Winterfest, sponsored by the Gray Snowolves Snowmobile Club, will be a community-wide event this year. The snowmobile club has teamed up with Libby Hill Forest Trails, the Gray-New Gloucester Fire Department and other community groups.

The event will be at its traditional location — Crystal Lake — as well as Gray-New Gloucester High School, located a mile from the lake. Winterfest begins at 6 p.m. on Friday night outside of the high school, where walkers, hikers, snowshoers and cross-country skiers can take part in a chocolate lovers’ walk, sponsored by Libby Hill Forest Trails with proceeds going to the trails.

Participants traverse from station to station through the woods, sampling different kinds of chocolate until they finish the course and celebrate with a bonfire and even more chocolate — that favorite campfire treat of s’mores (chocolate and toasted marshmallow, placed between graham crackers).

”This year we are including other community organizations. We started the event to raise money to give something back to the community. That is why some of the money raised by the snowmobile club will go toward the annual scholarship for a local student going into an environmental field,” said Brad Shelley, the president of the Gray Snowolves Snowmobile Club. ”Hopefully, there will be enough snow. We’ve had years without any snow, but even if that happens, Winterfest will go on.”

The events on Crystal Lake all take place on Saturday with the fishing tournament getting under way at legal sunrise. There will also be radar runs, a poker run, food booths, Nordic ski and snowshoe races, a pancake breakfast, snow sculptures, a silent auction, sliding races for the kids and a cold-water rescue drill performed by Gray-New Gloucester Fire Department and Rescue.

Last year more than 250 people attended Winterfest.

Advertisement

”We’ve incorporated more groups to make it a community event and we are hoping more people will be involved to make it a successful event,” said Shelley. ”It is a great time and we hope that everyone comes out to enjoy it. We need to do a snow dance to make sure it snows.”

CAIN’S QUEST CANCELED FOR 2010

Cain’s Quest Snowmobile Race has been postponed until March 2011. The race is one of the most physically grueling, with the course traversing extremely rugged terrain for several days, including portions of the frozen Atlantic coast. Temperatures have been unusually warm all across Labrador and as a result current ice conditions are not safe, according to organizers of the race.

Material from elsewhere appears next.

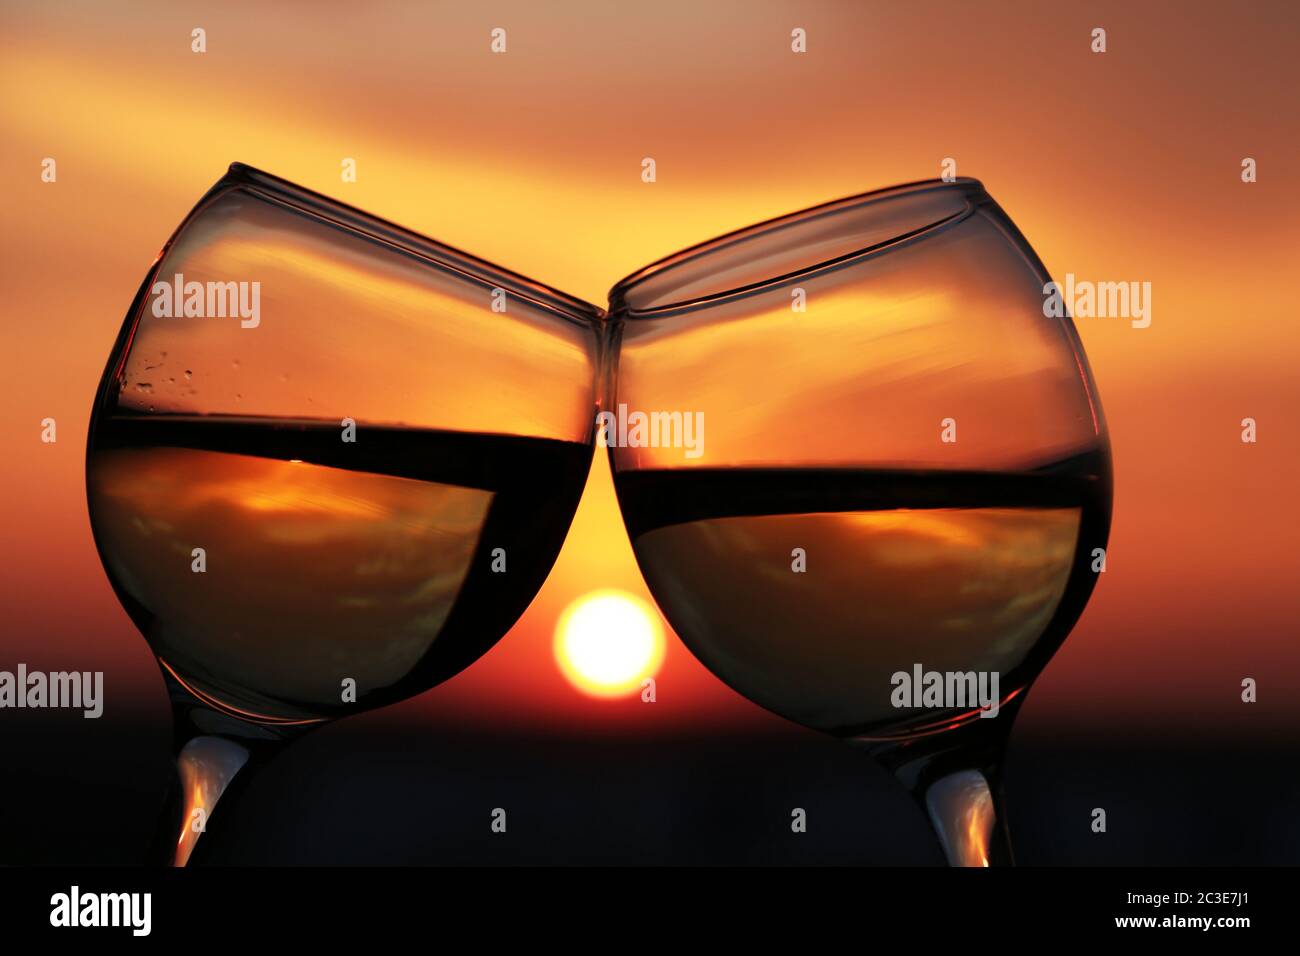 Due bicchieri con vino bianco sullo sfondo del tramonto, il sole serale si riflette in un bicchiere. Concetto di celebrazione, serata romantica, data d'amore Foto Stock

Cain’s Quest was slated for March 13.

In 2009, three teams from Maine placed in the top 10 spots. First place was won by ”Grip ‘N Rip Racing” consisting of members Tim Lessard of Monmouth and Eric Hall of Jackman. Second place went to ”Team Maine,” whose members were Rich Knipping of Monmouth and Rob Gardner of Norridgewock. A third team from Maine, with drivers Fred Whited from Blaine and Darrell McCrum from Mars Hill, placed ninth.

The race began in 2006 and has grown each year. The origin of the race’s name goes back to the European exploration of the New World. When French explorer Jacques Cartier explored the shore of Labrador in 1534, he commented on the brutality of the landscape. He said the land was ”stones and rocks, frightful and rough … for in all the coasts of the north I did not see a cartload of earth. I really believe that is the land that God gave to Cain.”

This story gave birth to the name ”Cain’s Quest” illustrating the raw and rocky landscape on which the race takes place. The land is as harsh and challenging as the weather, stretching the limits of rider and machine. But it seems the winter of 2010 softened a bit and has just not been cold enough for the race. But plans are already under way for the Cain’s Quest in 2011.